Восемь часов утра. Знакомый хрустальный перезвон по радио. Анютка открывает глаза, зевает, потягивается и садится на кровати. Мать уже давно ушла на ферму. У стены в кроватке спит Васятка, рядом с ним, свернувшись клубком, мурлычет кошка Мурка. Окна до половины затянуты морозными узорами. Сквозь них в избу заглядывает синее утро.
Анютка спрыгивает с кровати, сует босые ноги в валенки и подходит к окну. Долго и старательно она дышит на стекло, пока не оттаивает дырочка, и смотрит на улицу. Стоять в одной рубашонке холодно, и Анютка зябко ежится и идет к печке. Мать истопила ее перед уходом, и девочка, прислонившись спиной, чувствует приятное тепло.
С тех пор, как закрыли ясли на ремонт, у шестилетней Анютки по утрам появилось множество важных дел. Не зря мать ласково зовет ее хозяйкой. Надо накормить кашей брата, позавтракать самой, убрать со стола посуду, подмести избу.

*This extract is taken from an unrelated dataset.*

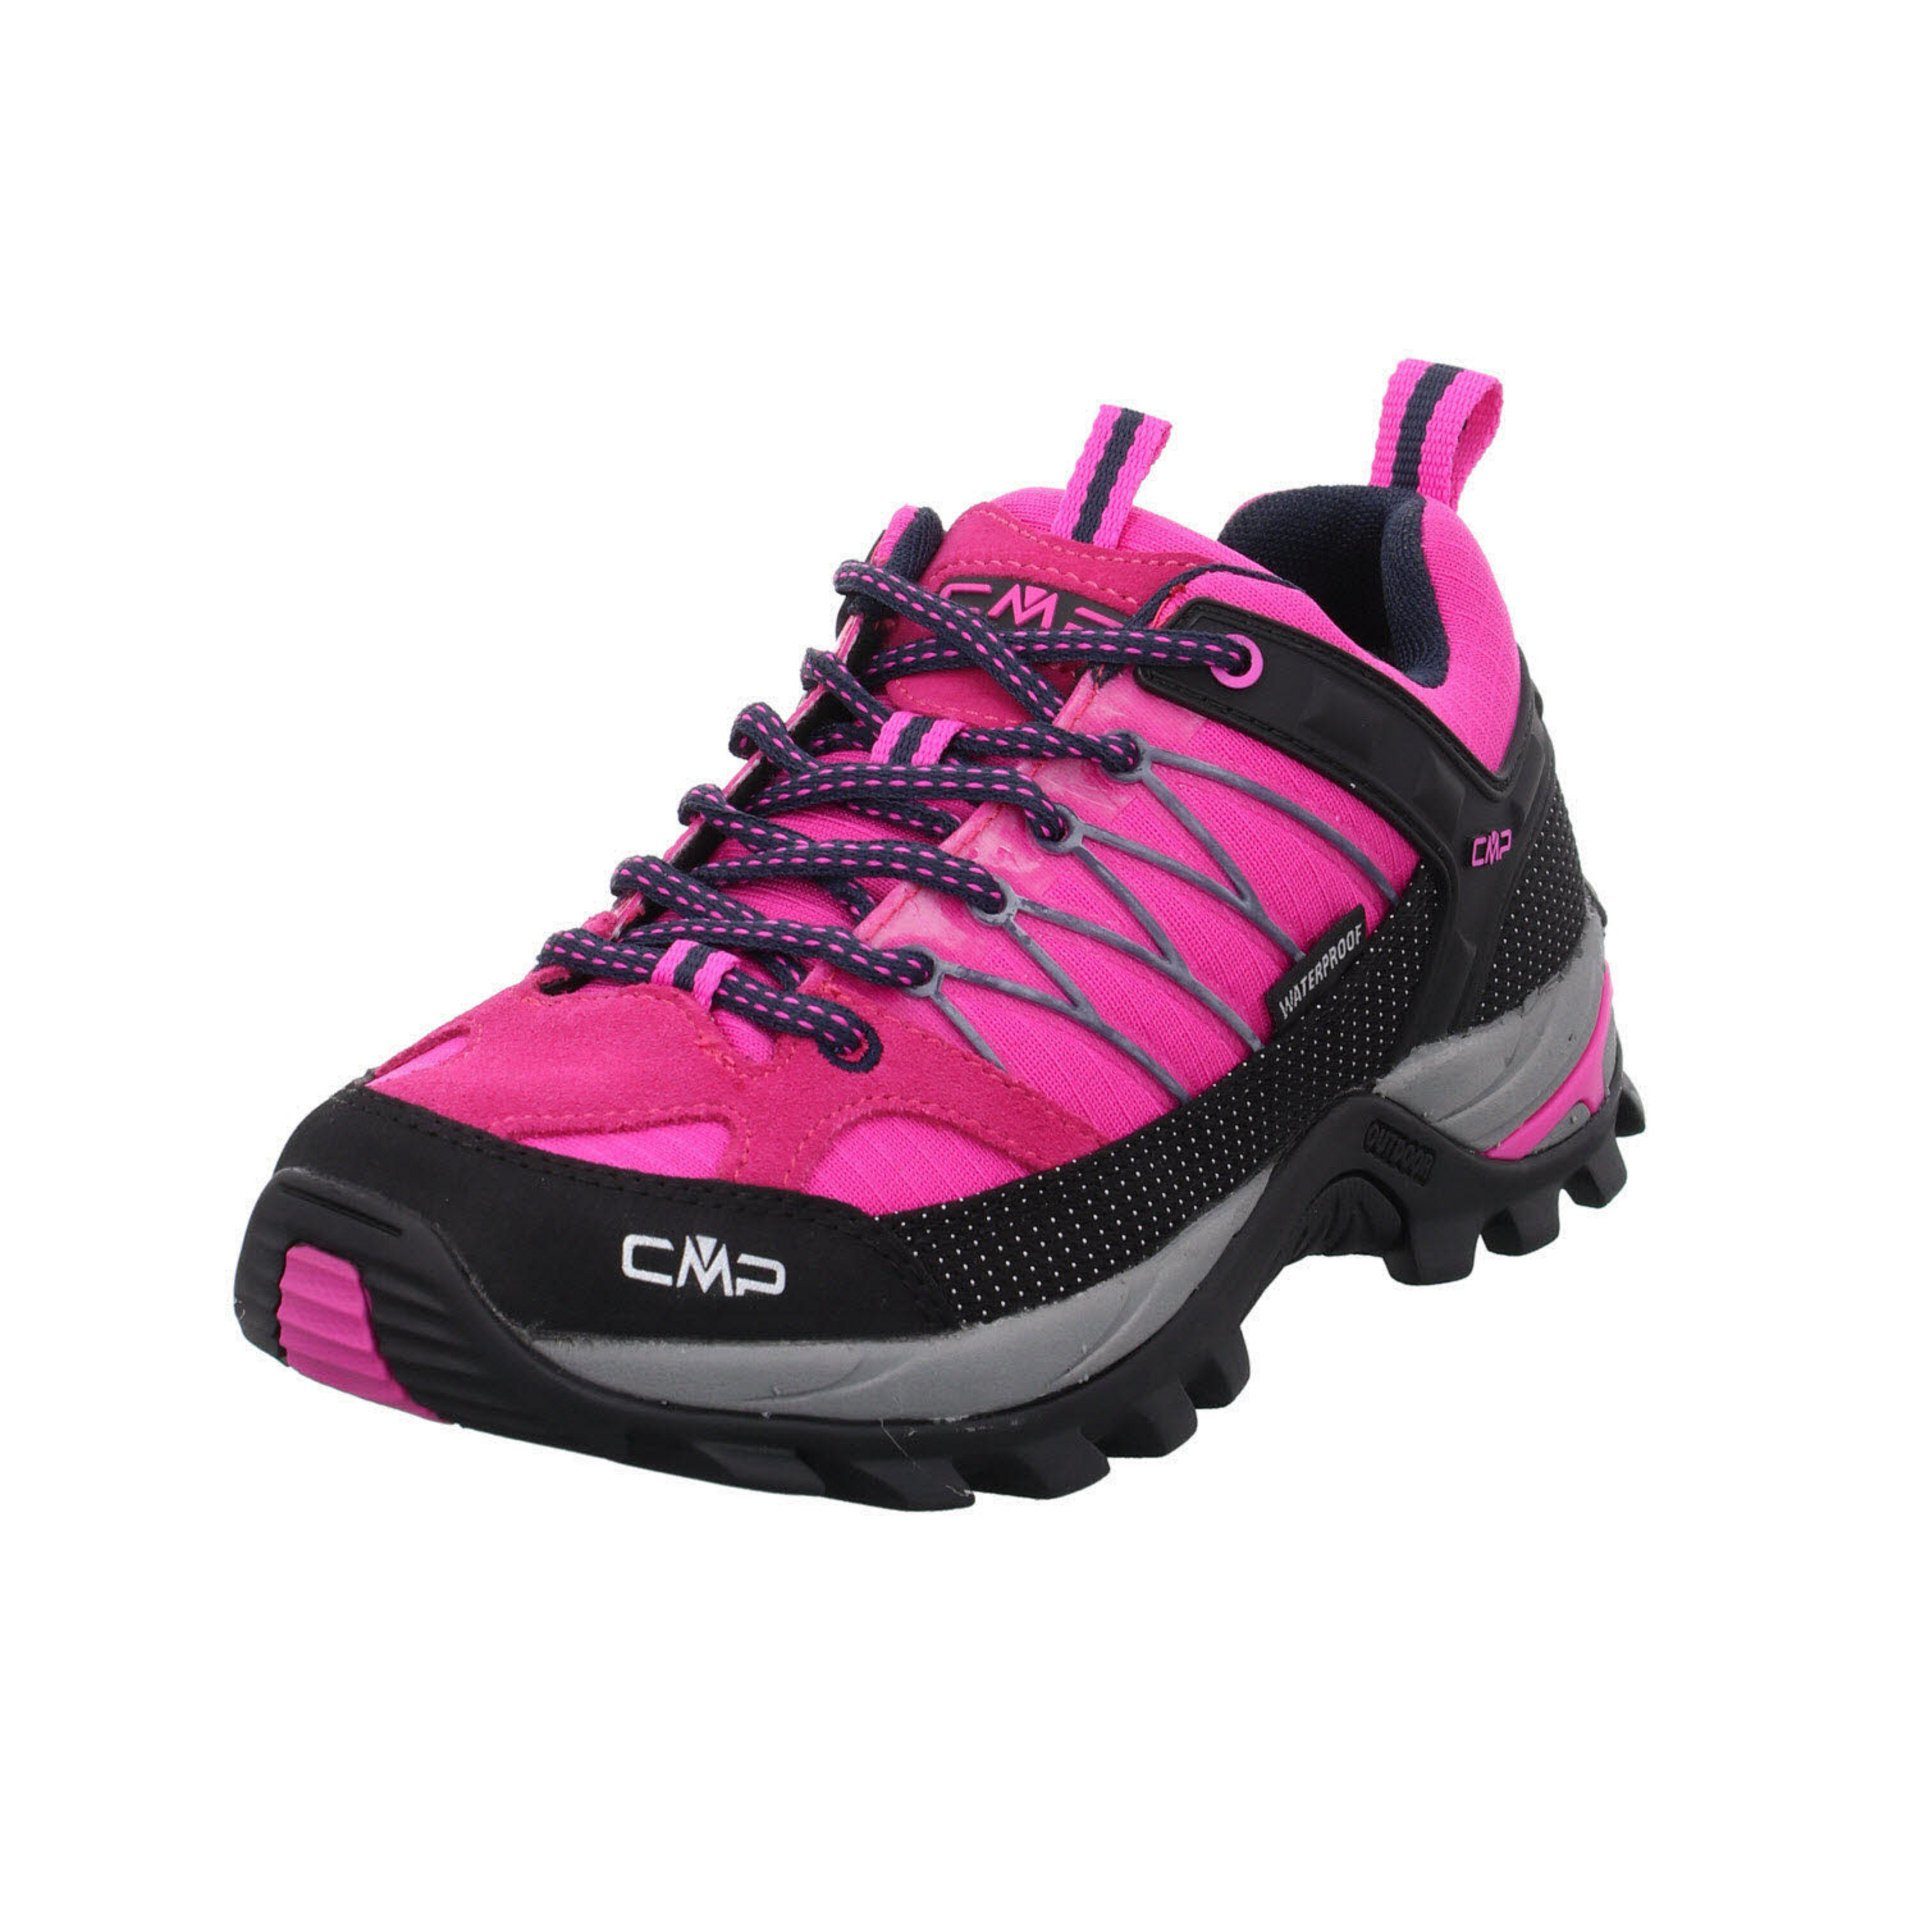 CMP Damen Schuhe Outdoor Rigel Low Outdoorschuh Outdoorschuh Leder-/Textilkombination pink fluo-b.blue (03201886)

Живут Анютка с матерью и братом втроем. У Мишки, который живет по соседству, и у Таньки, что живет напротив, есть, кроме мамы, еще и папа. Был ли когда-нибудь папа у Анютки, она не знает. Как-то летом она спросила об этом маму, но та неизвестно почему рассердилась и прогнала Анютку на улицу.
Анютка натягивает платье, умывается и старательно расчесывает волосы. Васятка уже не спит. Лежа в кроватке, он смотрит на сестру из-под одеяла.
— Хватит спать, вставай, — командует Анютка. — Будем есть кашку.
— А-а-шку, — лепечет Васятка, покорно подставляя руки и ноги.
Анютка одевает на брата штаны, вязаную курточку и, умыв, сажает за стол. Зачерпнув каши, она старательно дует на ложку и сует брату в рот.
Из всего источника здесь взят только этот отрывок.